### WORK REQUEST
In your copy, leave out the pictures and output only the lines from the one holding "Repurposing: New Beginnings" through the end of the data below, exactly.

### STORED DATA
· · · · ·
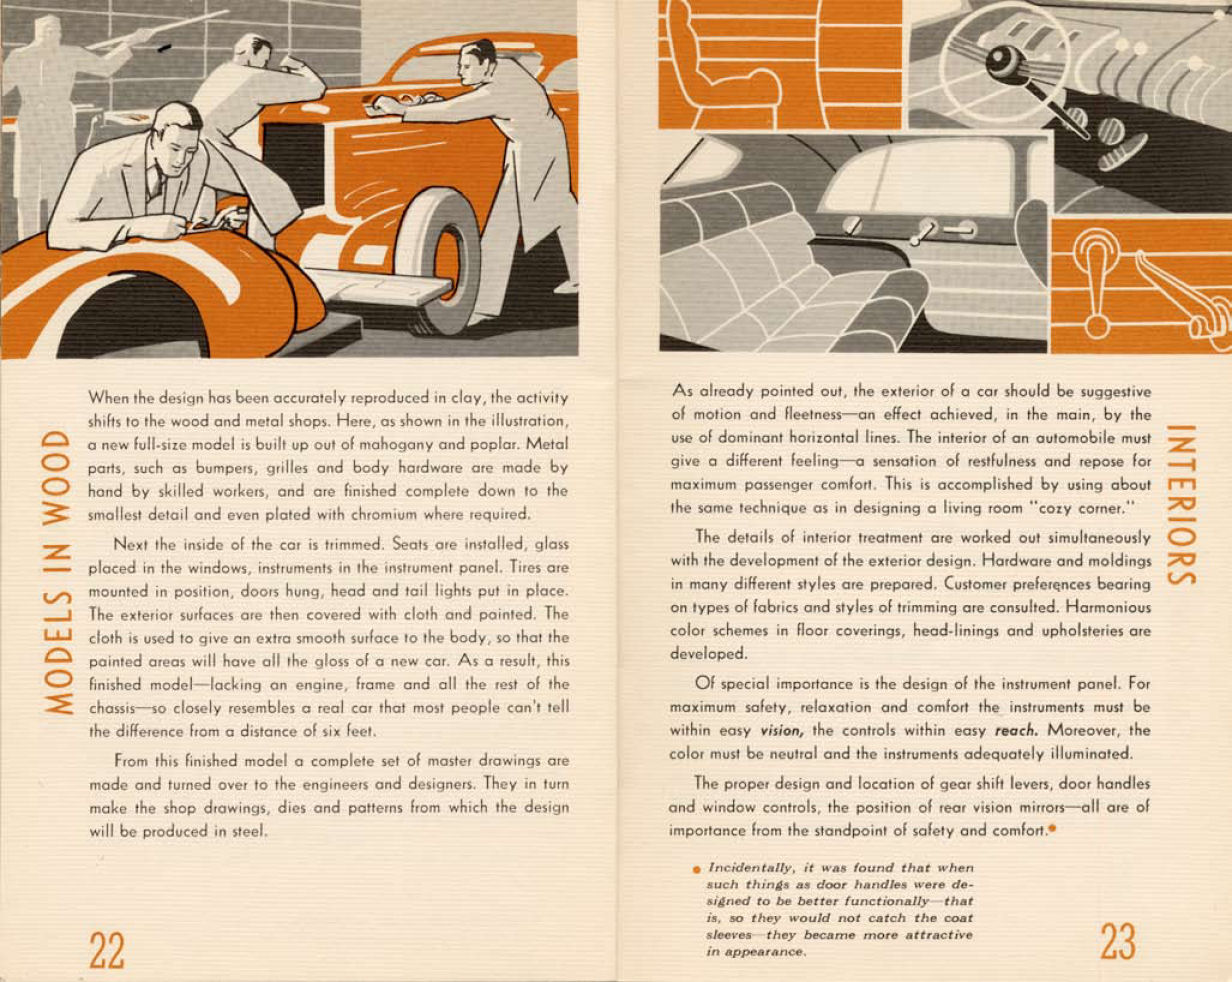 n_1938-Modes and Motors-22-23.jpg
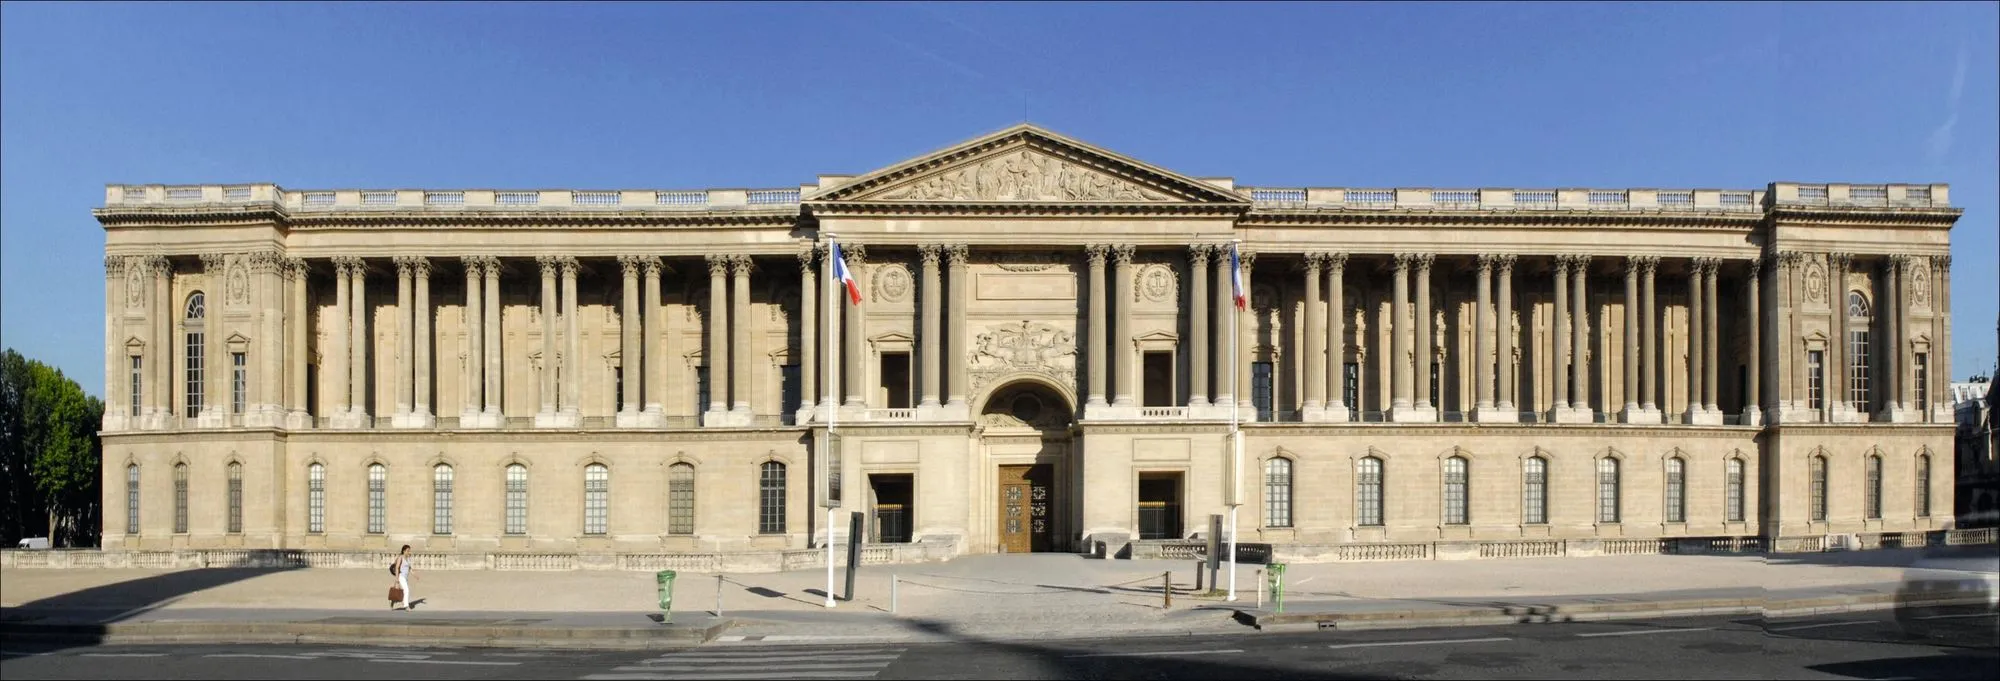 Claude Perrault, la colonnade du Louvre, édifiée entre 1667 et 1670,
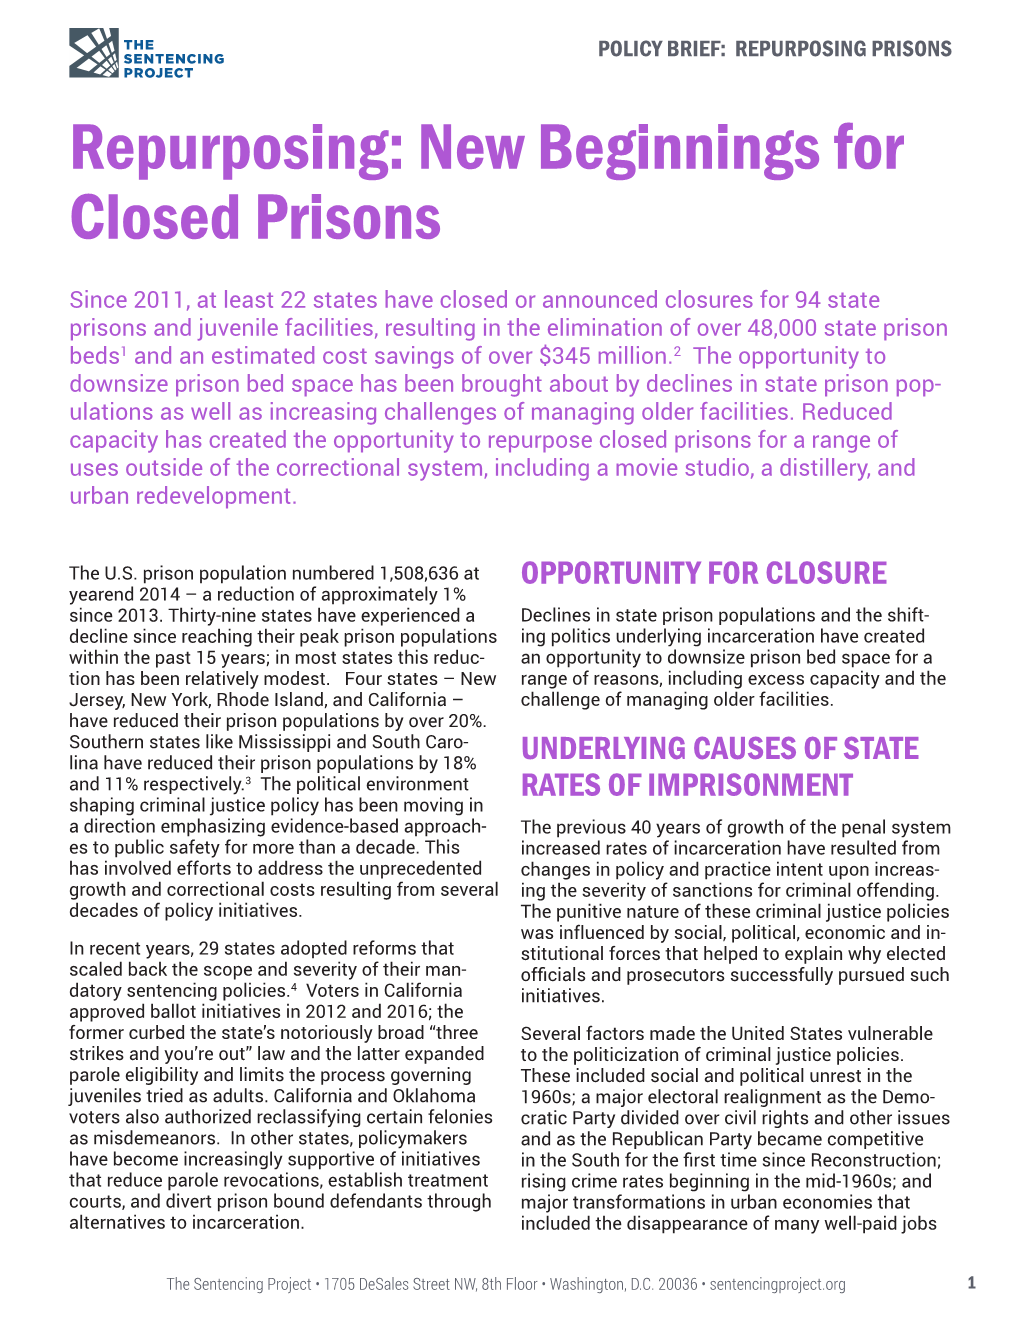 Repurposing: New Beginnings for Closed Prisons
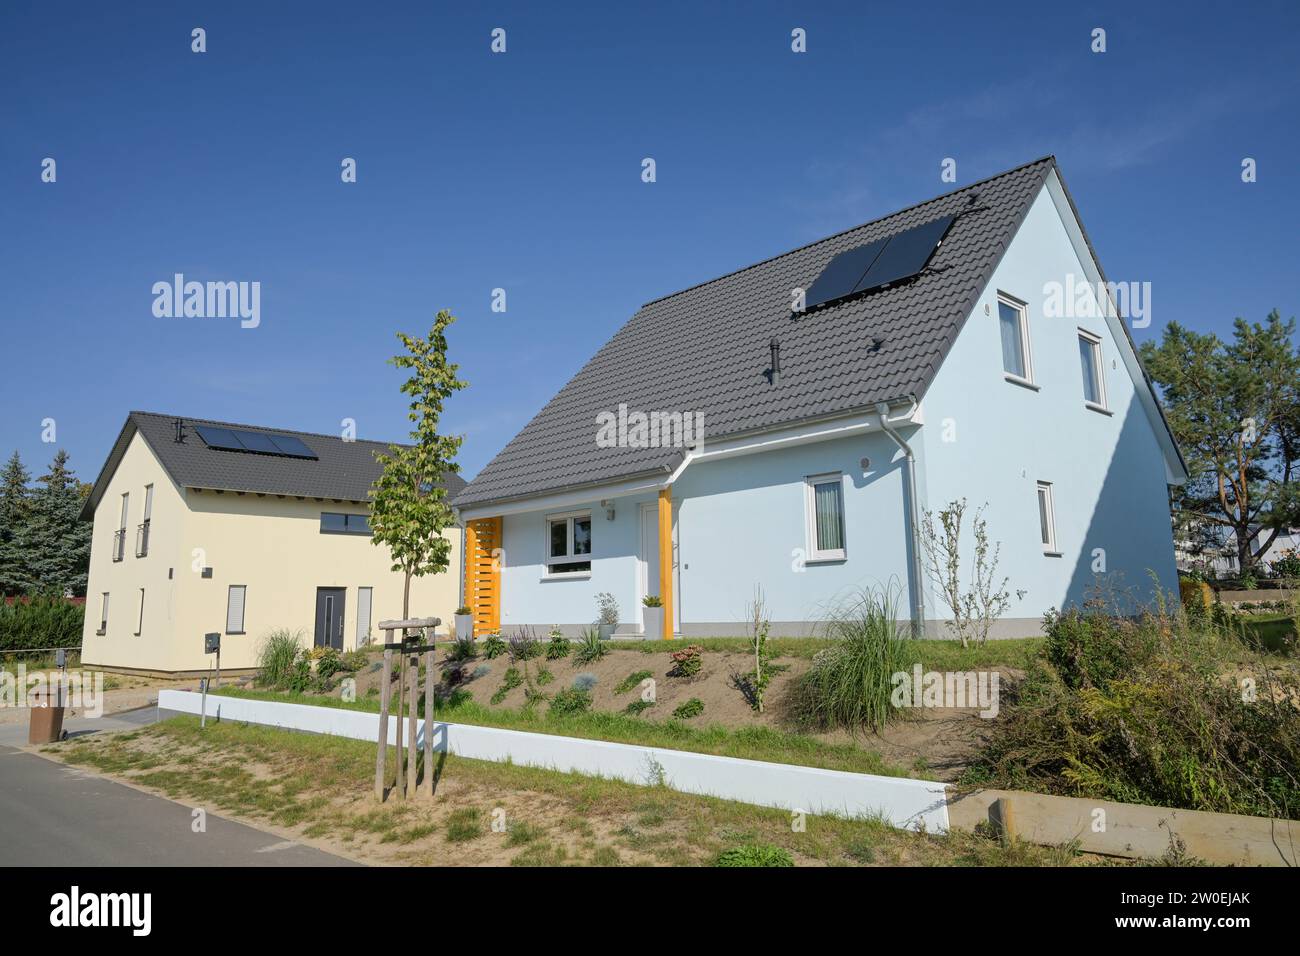 Einfamilienhaus, Neubaugebiet Am Rüggen Ost, Melchow am Rügen, Brandenburg, Deutschland Stock Photo
· · · · ·
### EXERCISE SOLUTION
 Repurposing: New Beginnings for Closed Prisons
 Einfamilienhaus, Neubaugebiet Am Rüggen Ost, Melchow am Rügen, Brandenburg, Deutschland Stock Photo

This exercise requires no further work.